Этим вечером необычным было всё. Она, любившая силу, напор, власть, в этот день ждала нежности. Он, обычно стремительный и резкий, вдруг почувствовал это. Они часто бывали близки, но, кажется, именно сегодня каждый открыл в своей половинке что-то новое, возвышенное, совершенно ему незнакомое. И разумеется, за магией этого дивного вечера они о кое о чём забыли.

* * *

Чертог Рафаила был безбрежен. Казалось, зале этой нет ни начала, ни конца. Человек тут был бы подобен песчинке. Самый красивый из залов земных показался бы унылым нужником в сравнении с местом, где проводил свои дни Рафаил.

Высочайшие колонны белого мрамора уносились ввысь, скрываясь где-то вдали. Полы были безупречно чисты и поражали воображение искуснейшей мозаикой. Откуда-то издалека доносилась ненавязчивая мелодия. Ни стен, ни окон не было, как не было и источников света. При этом по зале разливалось равномерное сияние.

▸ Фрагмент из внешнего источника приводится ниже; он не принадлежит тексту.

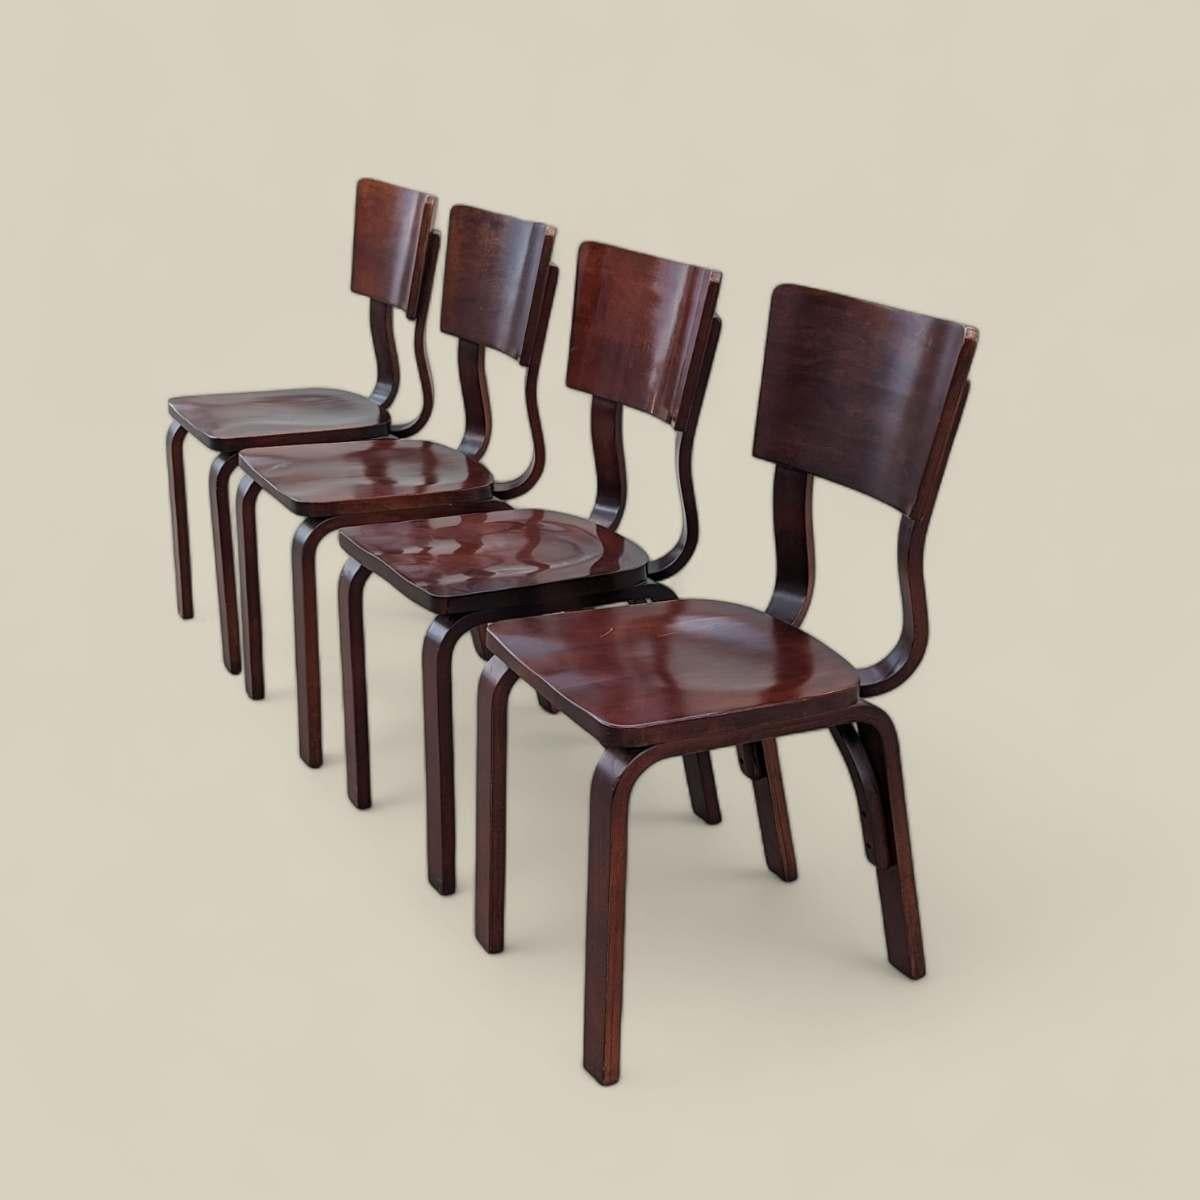 Vintage Thonet Bentwood Dining Chairs In Good Condition For Sale In Rancho Cucamonga, CA

Этот величественный чертог был чем-то вроде рабочего кабинета. Тут даже был рабочий стол, – выполненный из розоватого камня и монументальный, как массив Сьерра-Невада. У стола находился и сам обитатель этих удивительных чертогов. Высокий, черноволосый, неправдоподобно красивый Рафаил, сложил свои внушительные, сияющие, как вершины Альп, крылья за спиной и что-то сосредоточено читал с экрана планшета.

– Как же стало удобно, – бубнил он, перелистывая пальцем текст на экране, – никаких тебе свитков, никаких пергаментов!

Говорил он как бы и сам с собой и одновременно обращаясь к трём слушательницам, стоявшим подле него. Они были похожи друг на друга, как бывают похожи бабушка, мать и дочь.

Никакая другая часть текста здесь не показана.